**What is required:** Everything in the data below except the pictures must be repeated word for word.

**Data below:**
━━━━

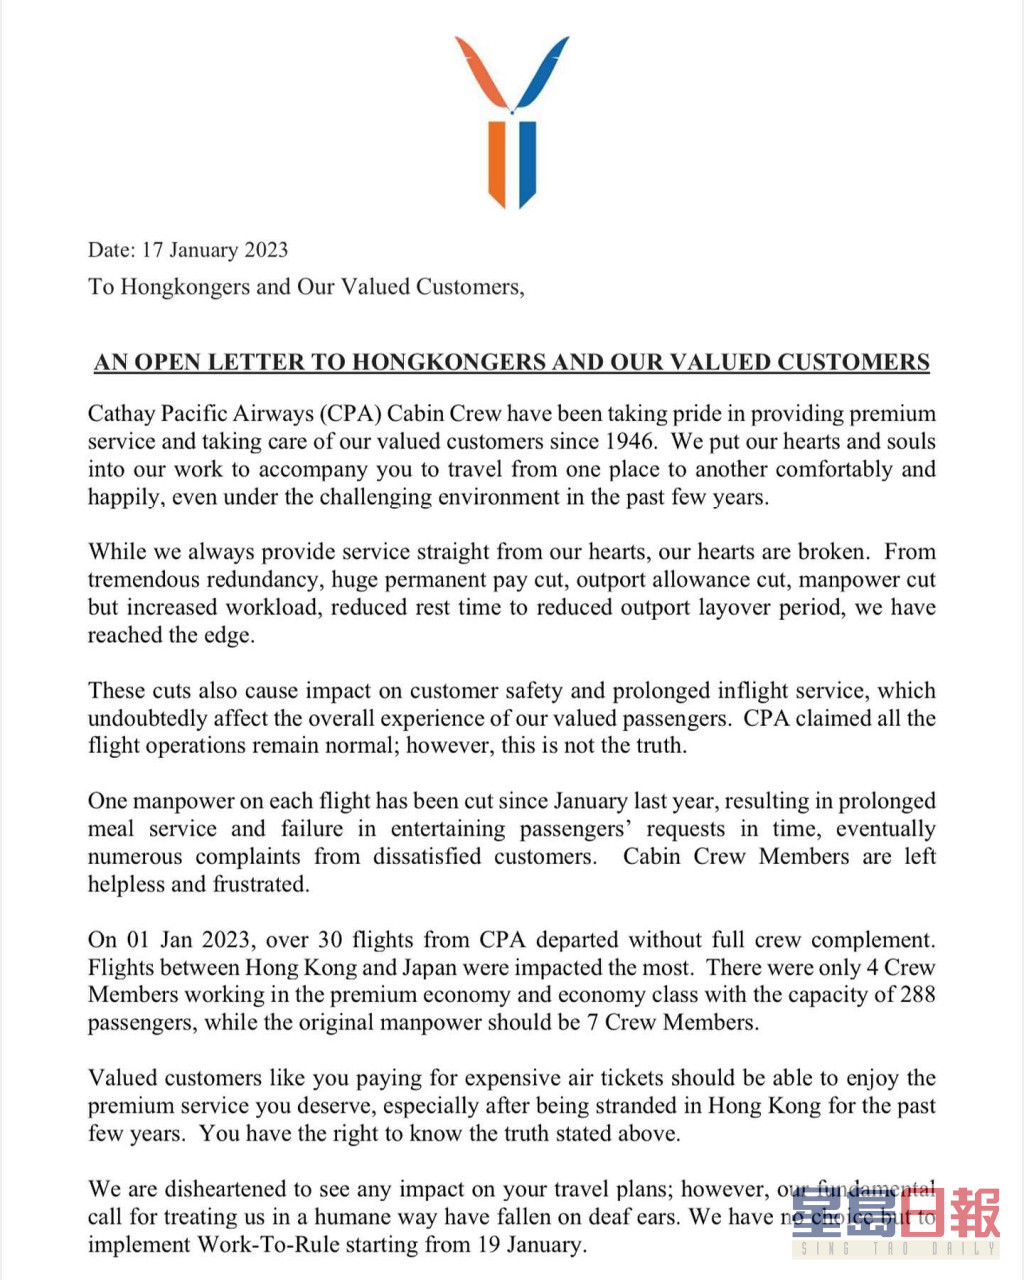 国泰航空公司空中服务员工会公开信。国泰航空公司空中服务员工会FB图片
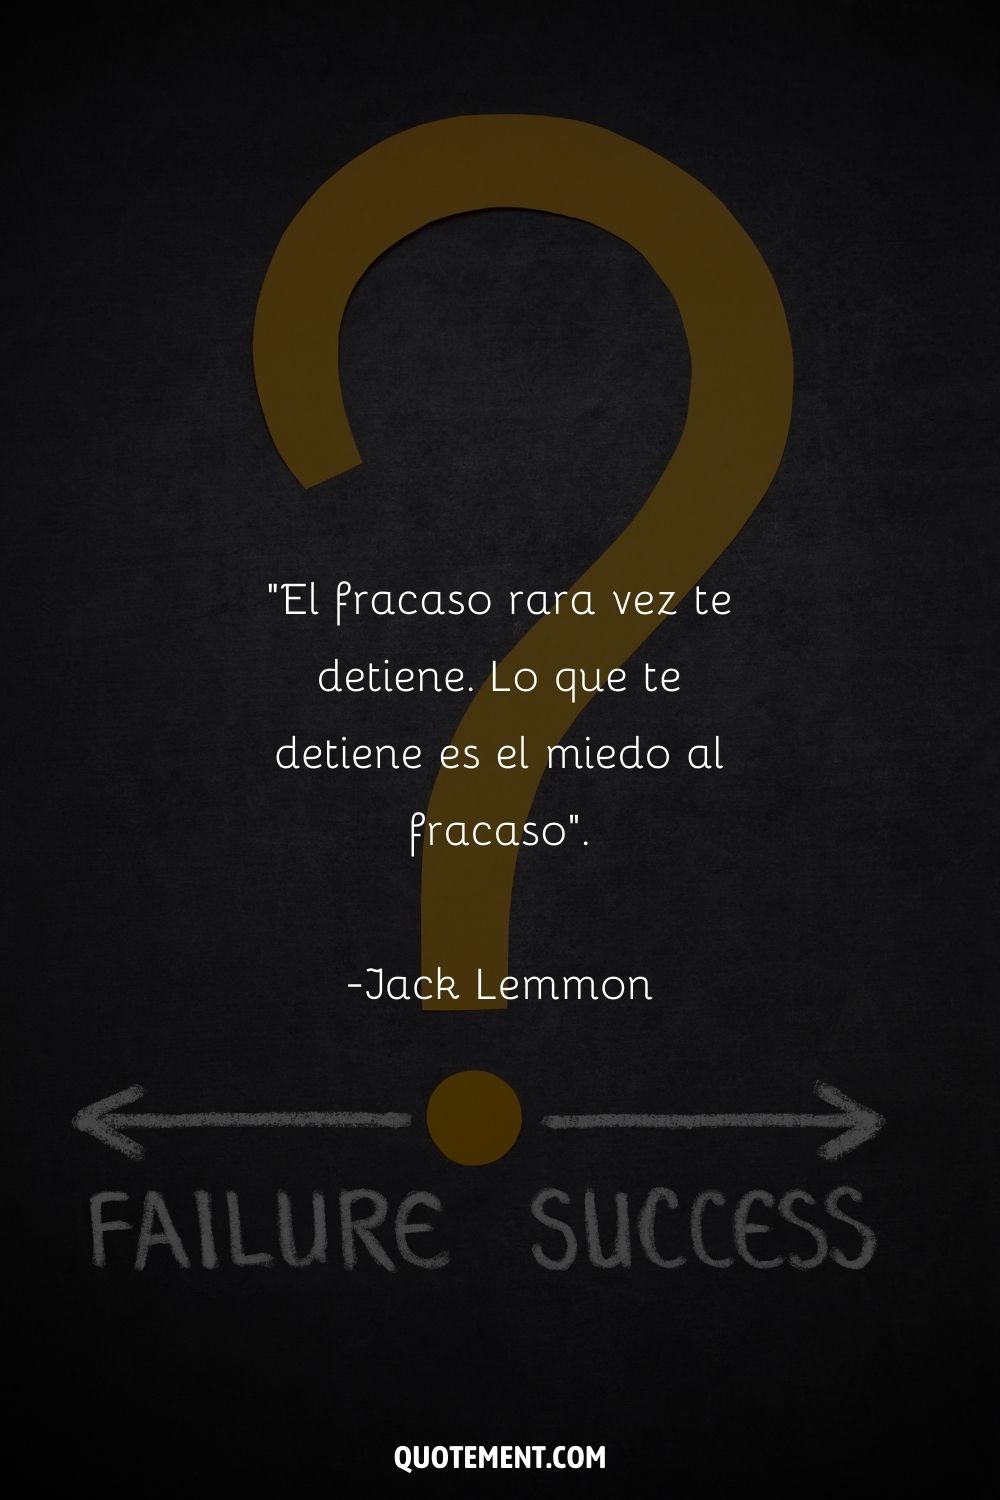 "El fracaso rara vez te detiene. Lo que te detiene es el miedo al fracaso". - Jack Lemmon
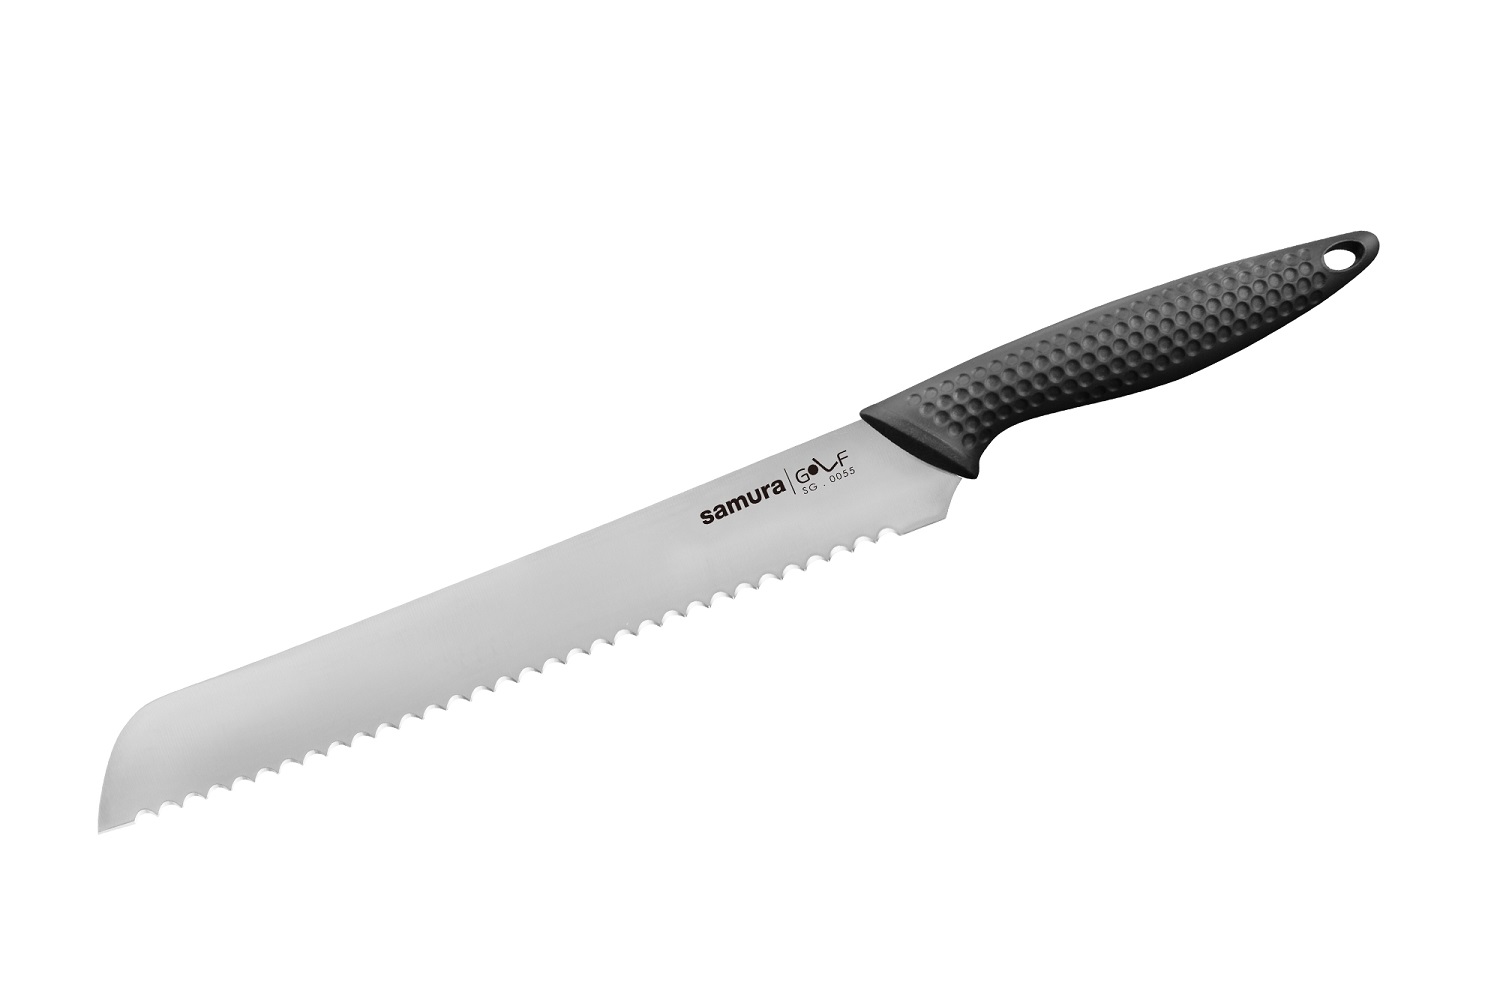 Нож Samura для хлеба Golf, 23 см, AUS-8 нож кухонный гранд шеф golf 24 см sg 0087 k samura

━━━━

**Solution for this task:**
 国泰航空公司空中服务员工会公开信。国泰航空公司空中服务员工会FB图片
 "El fracaso rara vez te detiene. Lo que te detiene es el miedo al fracaso". - Jack Lemmon
 Нож Samura для хлеба Golf, 23 см, AUS-8 нож кухонный гранд шеф golf 24 см sg 0087 k samura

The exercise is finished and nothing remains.